Taking them at face value, rising productivity and lower costs are worthy of celebration. America’s increasing efficiency is creating conditions for a continued slowdown in inflation that has been happening for three years even as the economy powers ahead and the stock market scales record highs.
And yet, no one can say for sure what’s behind the numbers, whether it will continue and what it means for interest rates. And that goes for Fed policymakers as well, who would do well to exhibit some humility in the months ahead.
So is it AI? Maybe. The most obvious explanation is often the right one. According the Census Bureau’s Business Trends and Outlook Survey, around 18% of US firms report having used AI in the past two weeks. That’s more than triple the adoption in early 2024. (Granted, a recent jump in the numbers probably reflects a reframing of the survey question: The Bureau used to ask firms if they were using AI for “the production of goods and services," but now they ask if they use it for “any business function."
Estimates of how AI will ultimately affect productivity run the gamut, but it’s probably a game-changer for several types of knowledge work. One marketing experiment conducted by researchers Harang Ju and Sinan Aral found that human-AI teams were a shocking 73% more productive than all-human teams. In software development, another study found that developers using an AI tool completed 26% more tasks.

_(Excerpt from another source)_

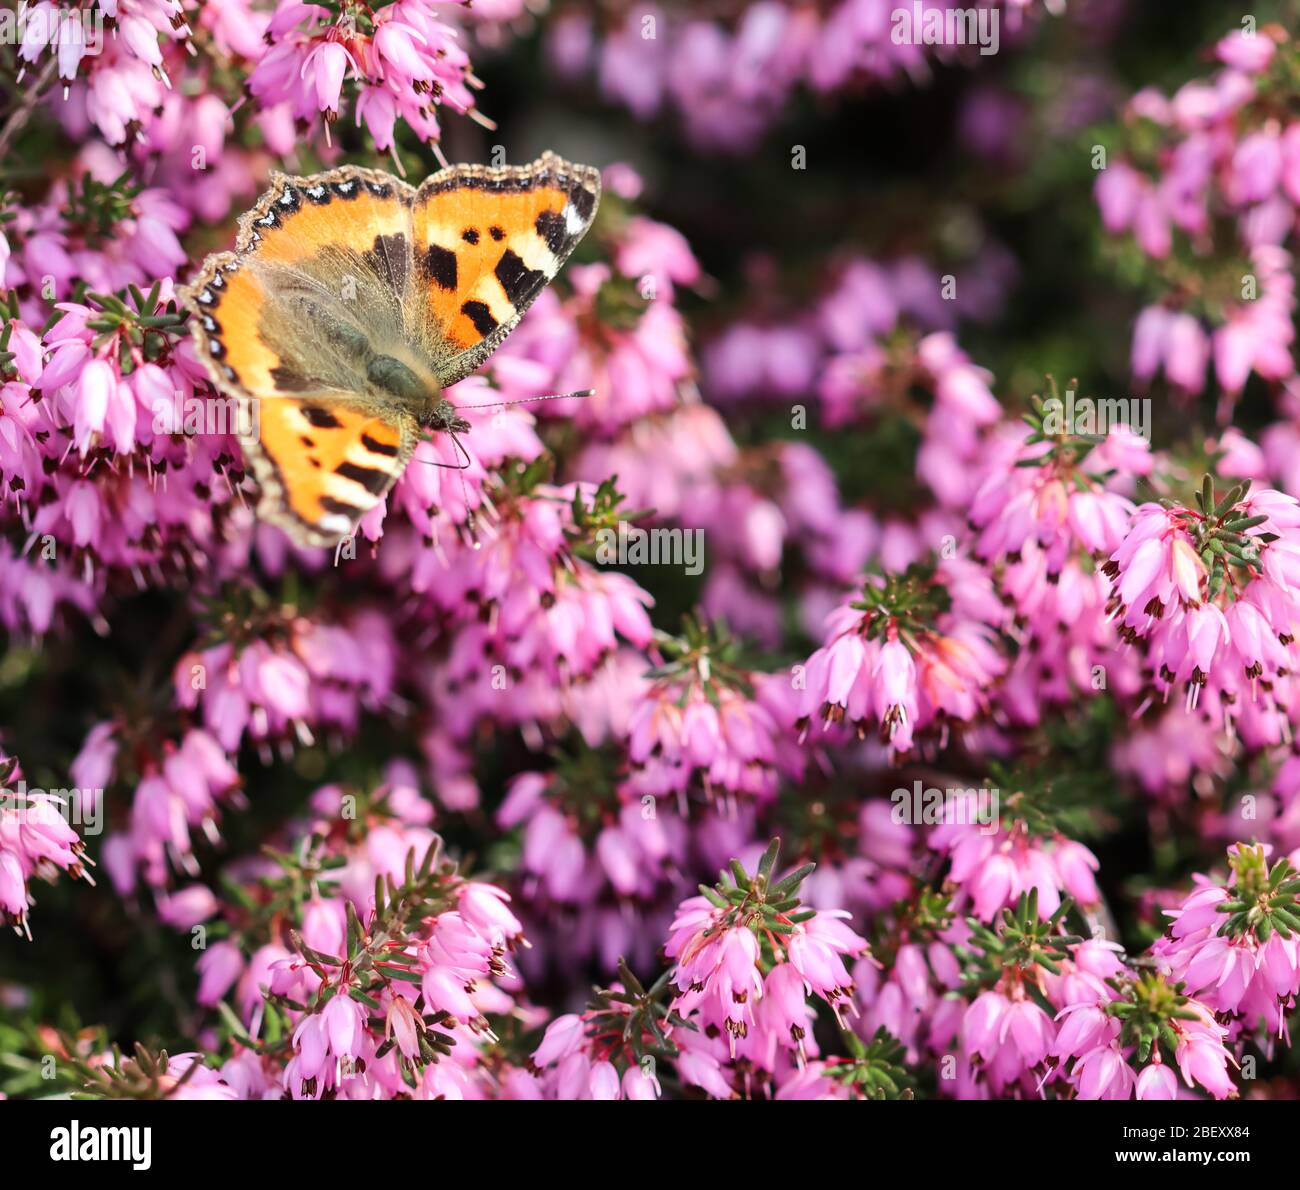 Pink Erica Carnea flowers (Winter Hit) and a butterfly in a spring garden. Stock Photo

To be sure, ‘old economy’ businesses may struggle to find highly effective uses for the tech. Consider taxi drivers presented with an AI tool to find customers: The tool yielded a modest 7% productivity boost to low-skilled drivers but a near-zero impact on the performance of drivers who were already good at their jobs. Evidently, the usefulness of AI is not only dependent on industry and context, but on the starting skill levels of the humans using it.
As for policy implications, those too are hazy. While lower unit labour costs are disinflationary, higher productivity is typically associated with higher demand for investment capital and a higher potential GDP growth rate. On balance, that can help raise the ‘neutral’ rate of interest, which is the rate at which monetary policy neither restrains nor fans economic growth.

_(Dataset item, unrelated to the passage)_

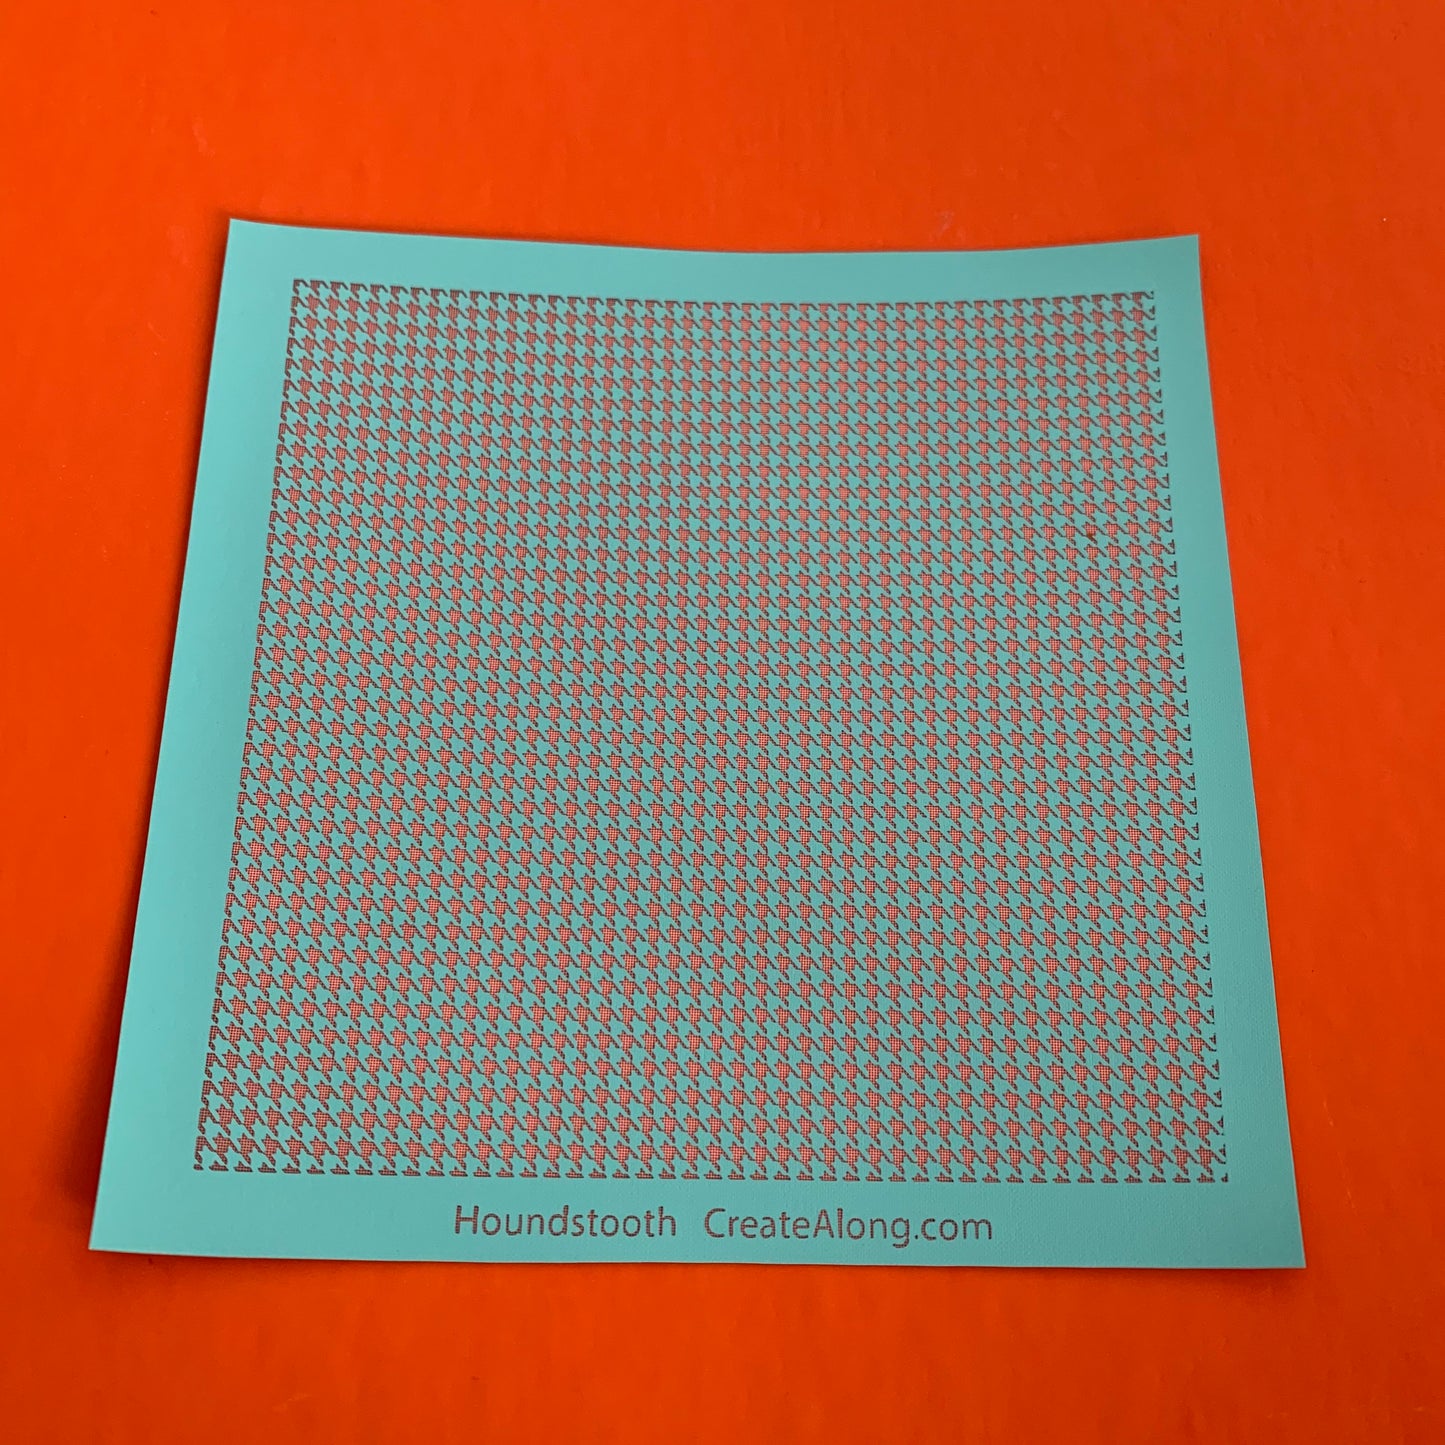 Silkscreen Houndstooth Stencil for Polymer Clay, Art Jewelry and Mixed Media

If policymakers focus on the first order effect (lower unit labour costs) and ignore the neutral rate channel, they might be inclined to slash rates and leave financial conditions unduly loose, potentially fuelling bubbles in financial assets or sparking faster inflation.
Fed Governor Stephen Miran told Bloomberg Television last Thursday that, after cutting its benchmark rate by 75 basis points from a range of 4.25% to 4.5% in September to the current 3.5% to 3.75%, he would like to see the central bank reduce them by an additional 150 basis points this year to a 2% to 2.25%, predicated on the idea that monetary policy is currently restrictive and inflation is under control.

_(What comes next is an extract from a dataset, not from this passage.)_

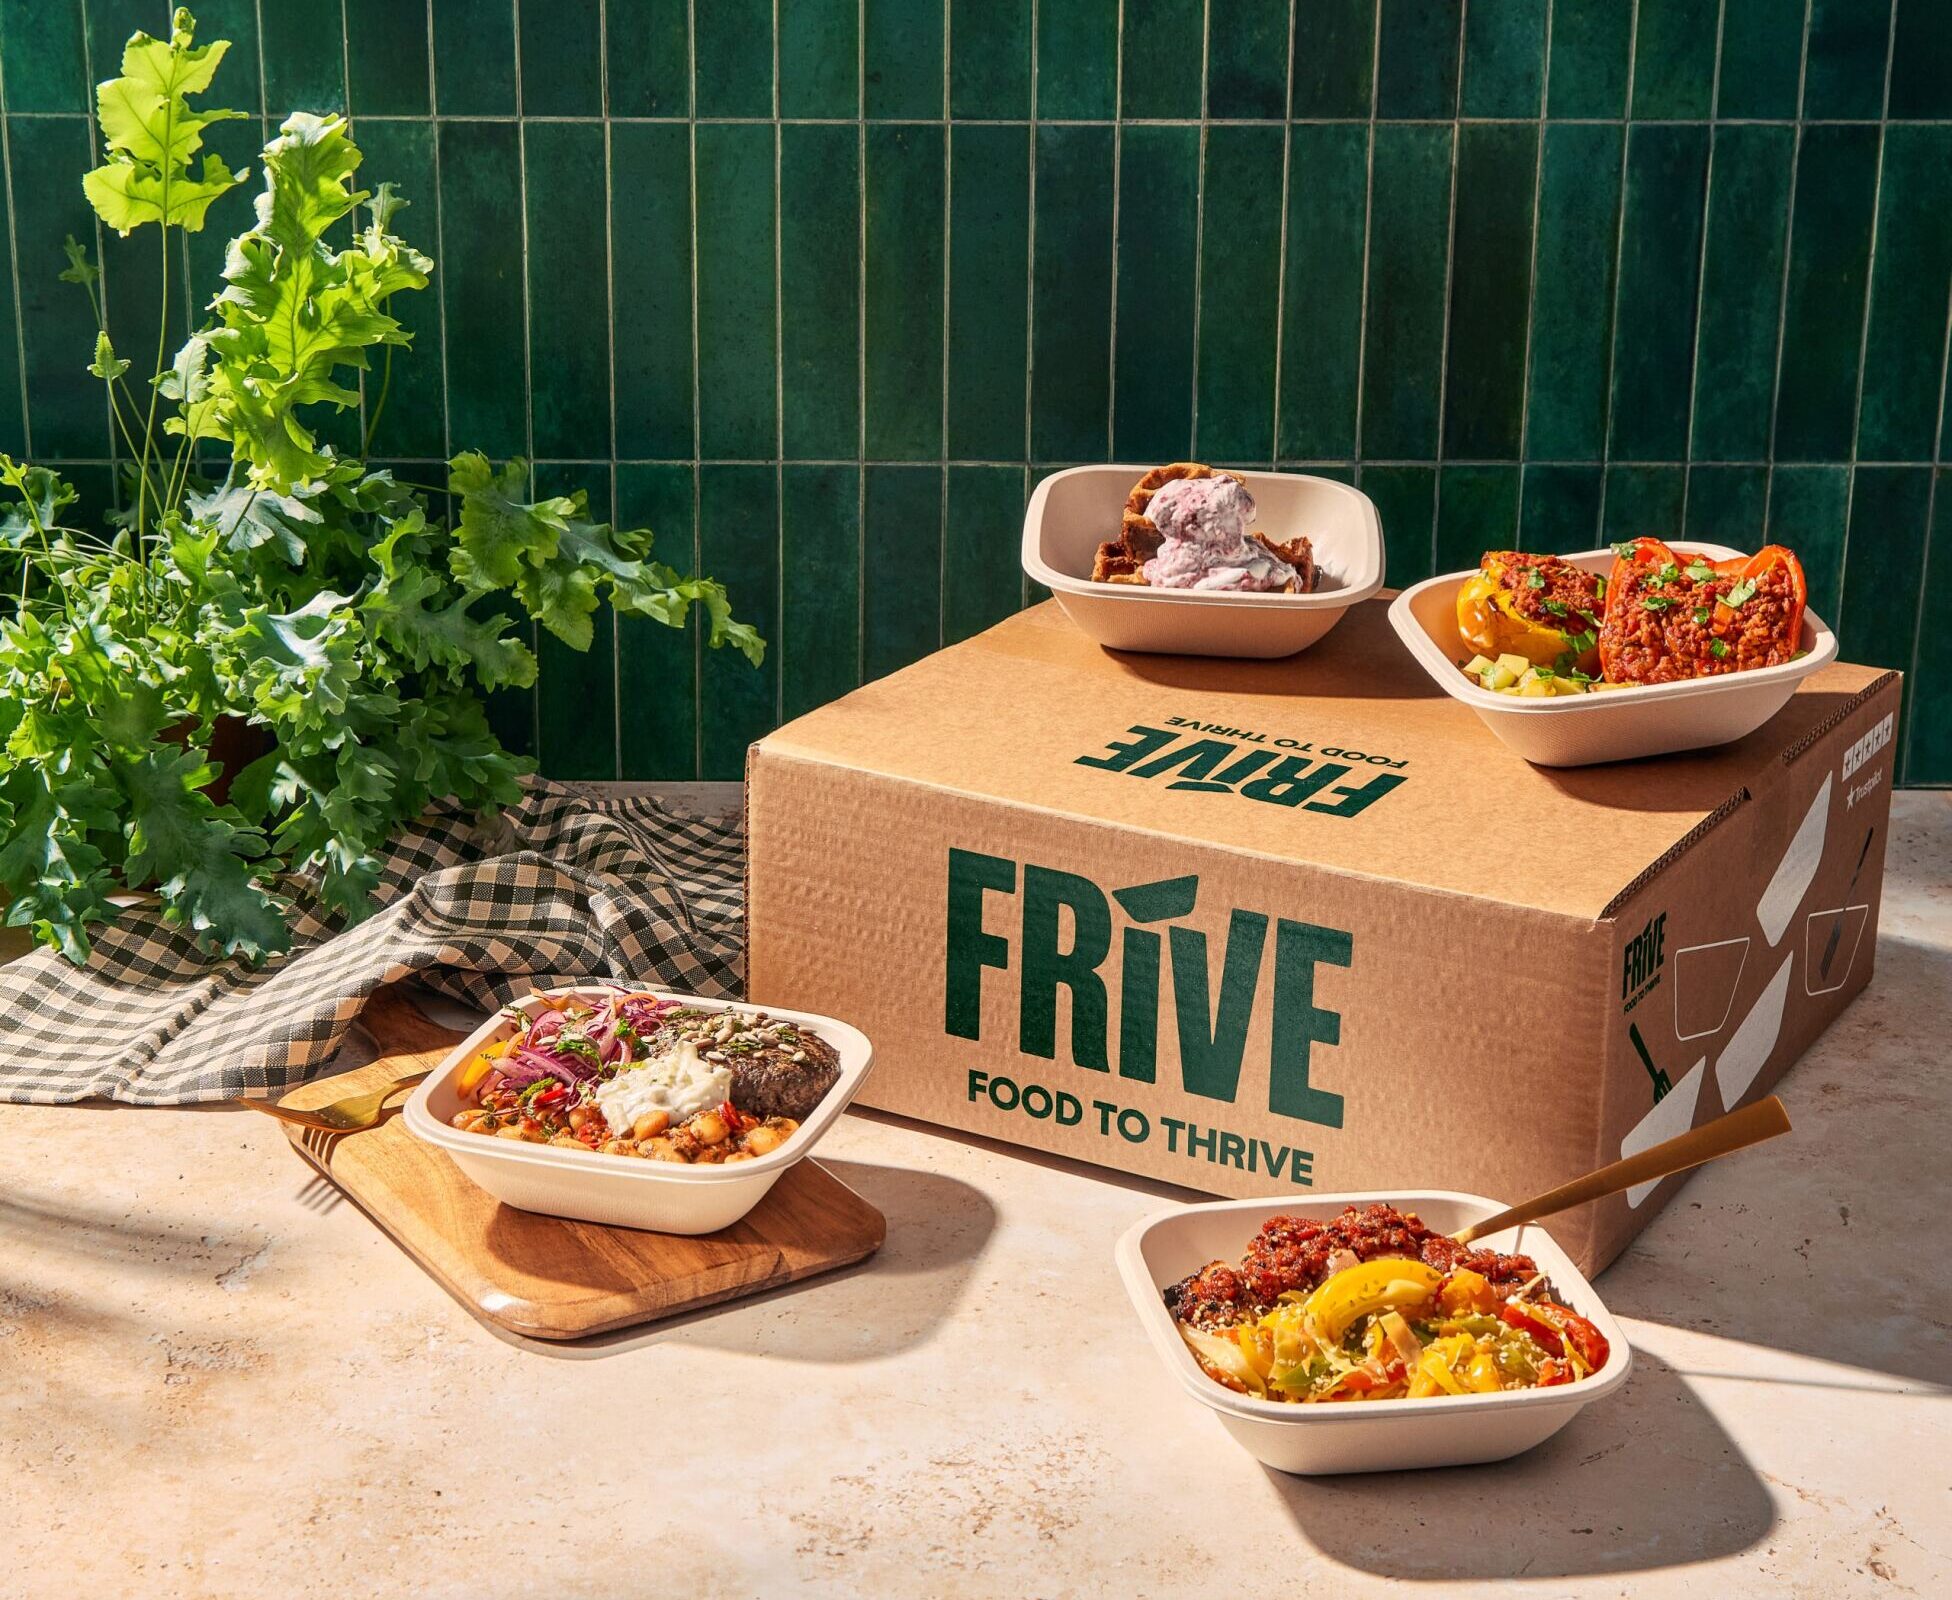 Prepped meals in boxes are scattered on and around a cardboard box with Frive written on it

And yet, a separate report last week by the Federal Reserve Bank of New York showed that consumers expect faster inflation in the next 12 months, or 3.42%, up from 3.20% in the November survey and moving further away from the central bank’s 2% target. After five years of elevated inflation, policymakers need to keep a close eye on inflation expectations, because faster inflation can sometimes become a self-fulfilling prophecy.
Unfortunately, the neutral rate is just as enigmatic and unknowable as labour productivity. Given that inherent uncertainty, the proper course of action would be to proceed slowly and wait for further data on productivity, inflation and the labour market.
Central banking requires extraordinary humility even in normal times, and that’s doubly true when you are potentially on the cusp of a potential productivity revolution. ©Bloomberg
The author is a columnist focused on US markets and economics.